What is needed
Please set down each of the lines below once more, exactly, omitting all pictures.

Given material
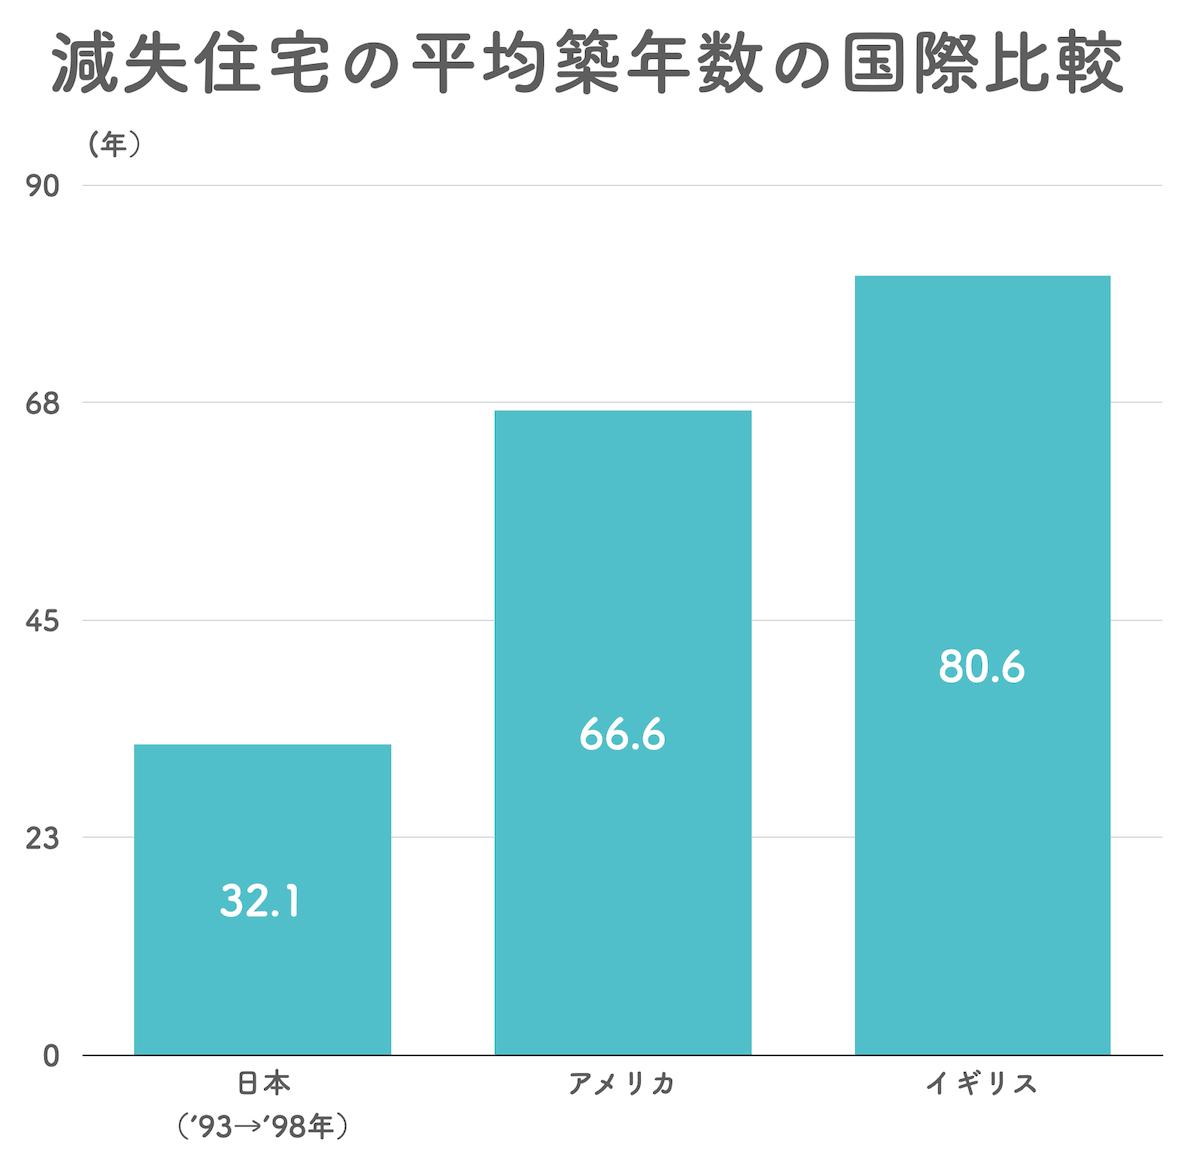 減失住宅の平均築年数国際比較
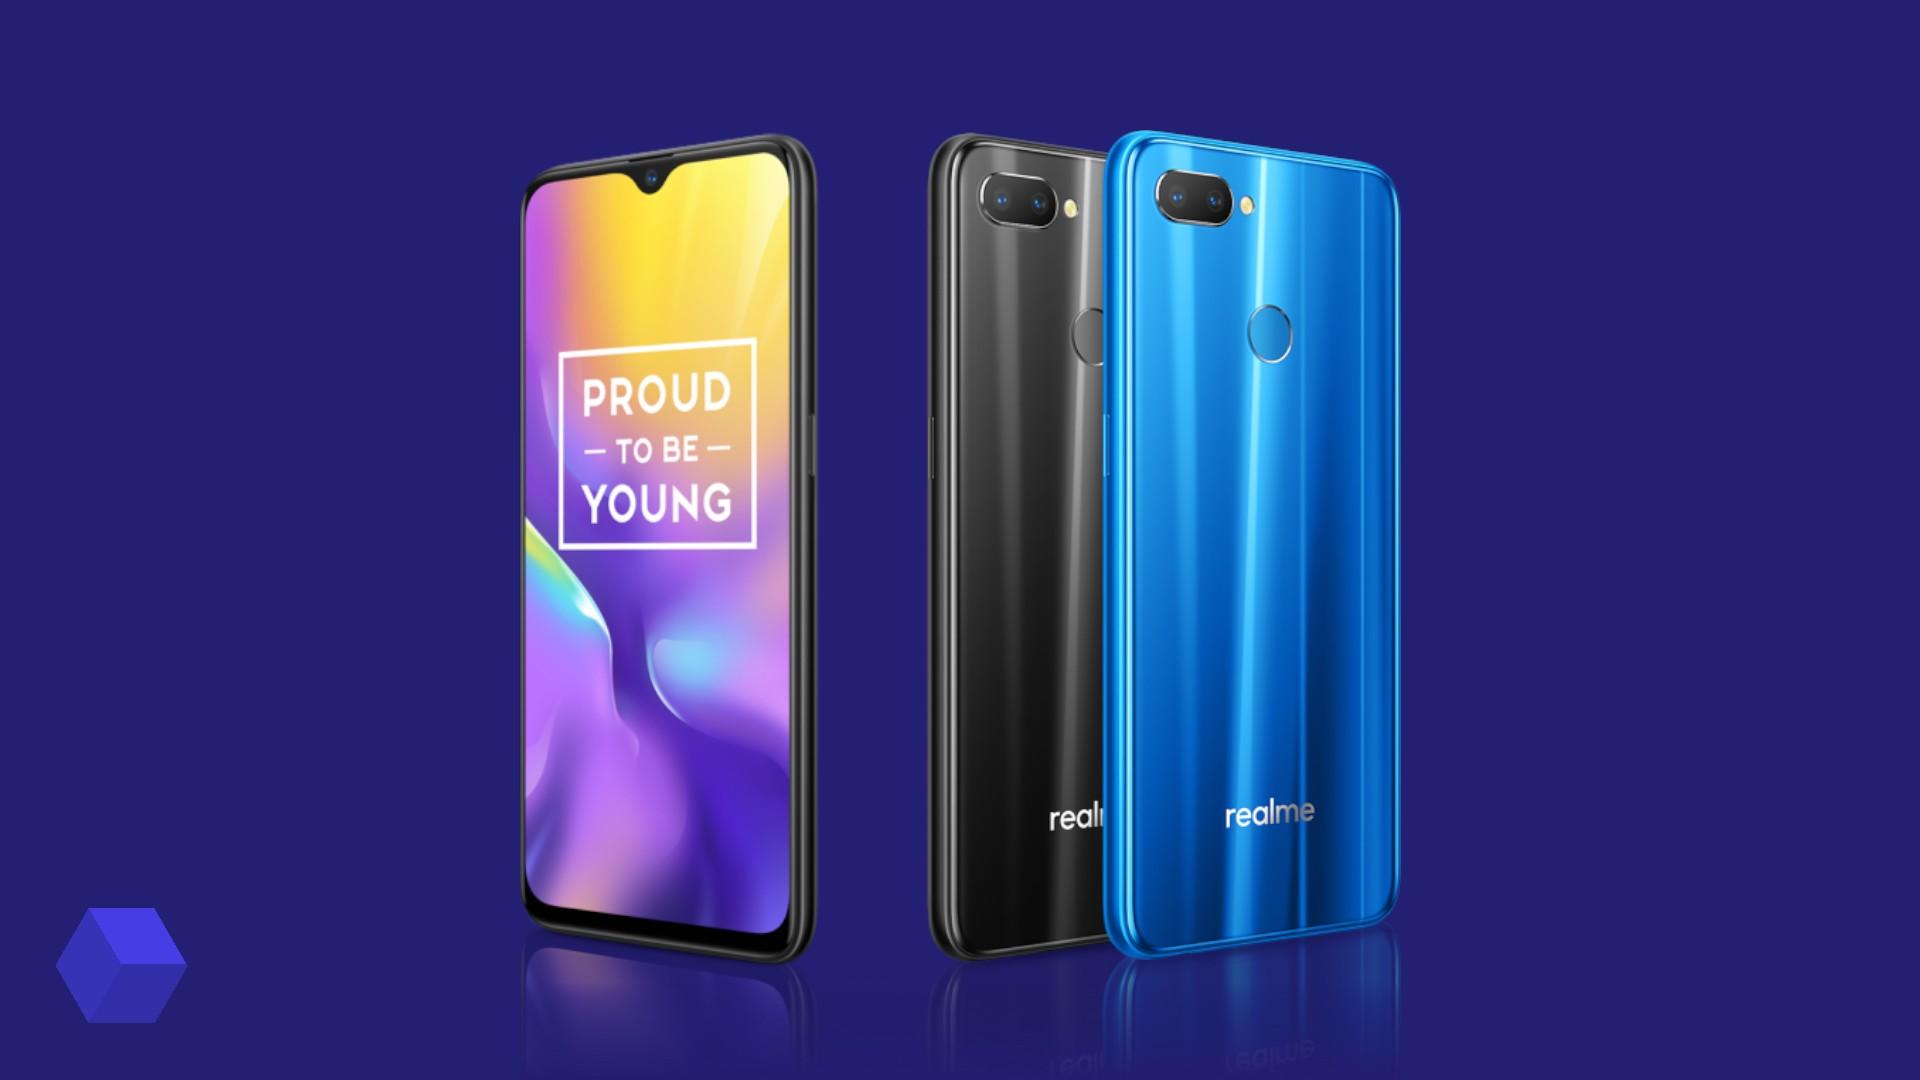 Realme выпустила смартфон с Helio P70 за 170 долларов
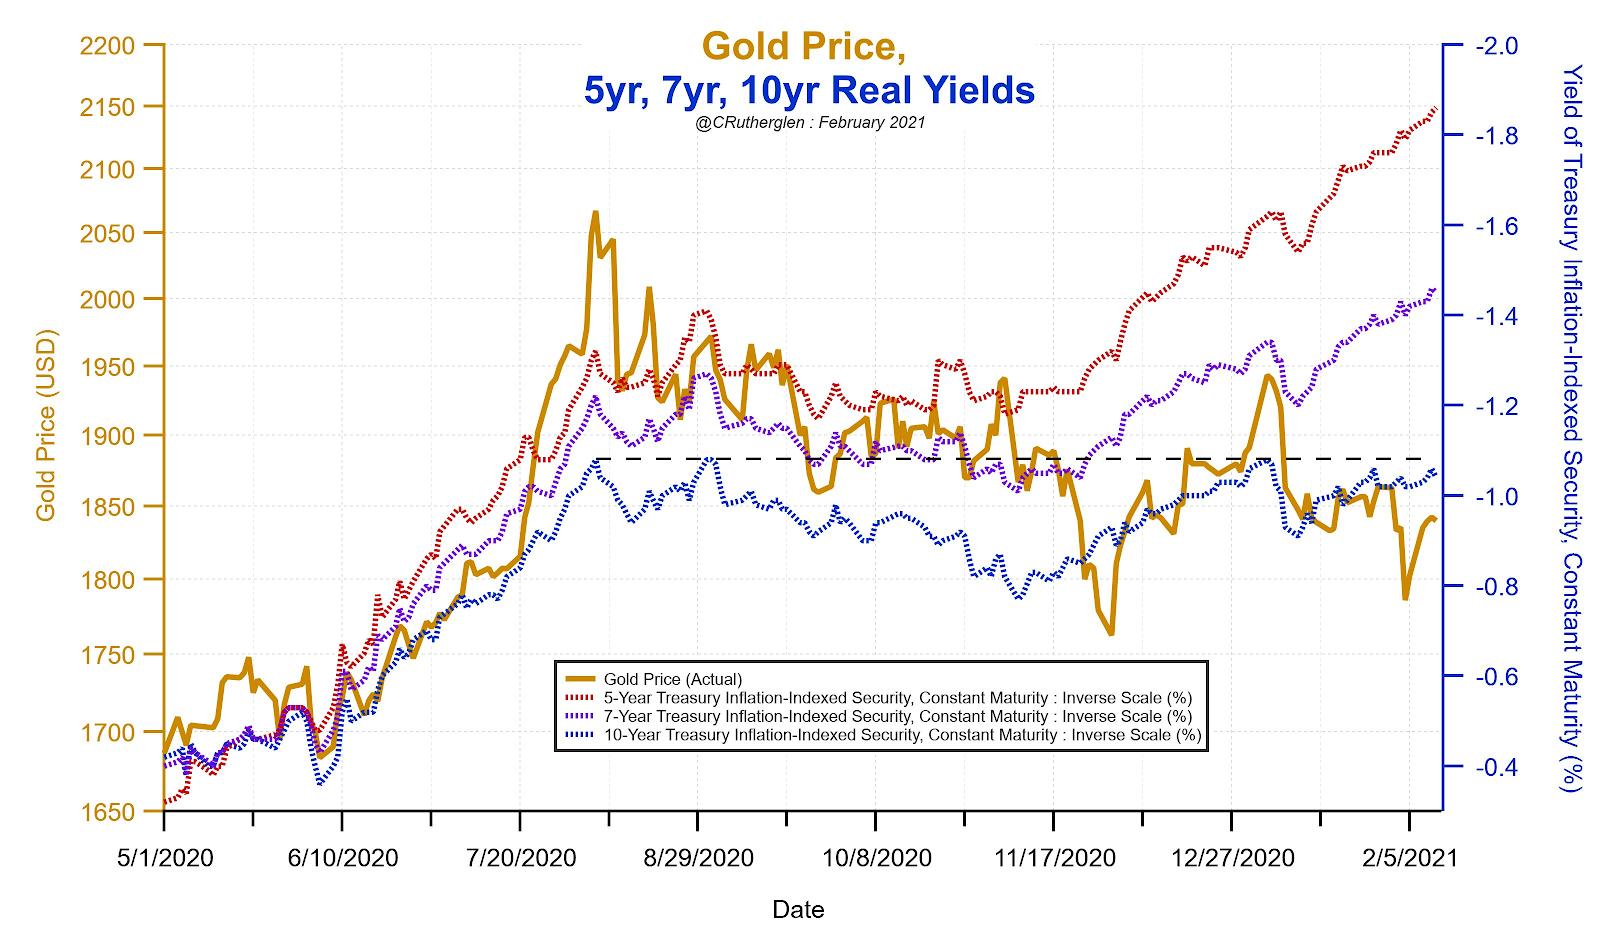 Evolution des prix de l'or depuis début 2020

Result below
 減失住宅の平均築年数国際比較
 Realme выпустила смартфон с Helio P70 за 170 долларов
 Evolution des prix de l'or depuis début 2020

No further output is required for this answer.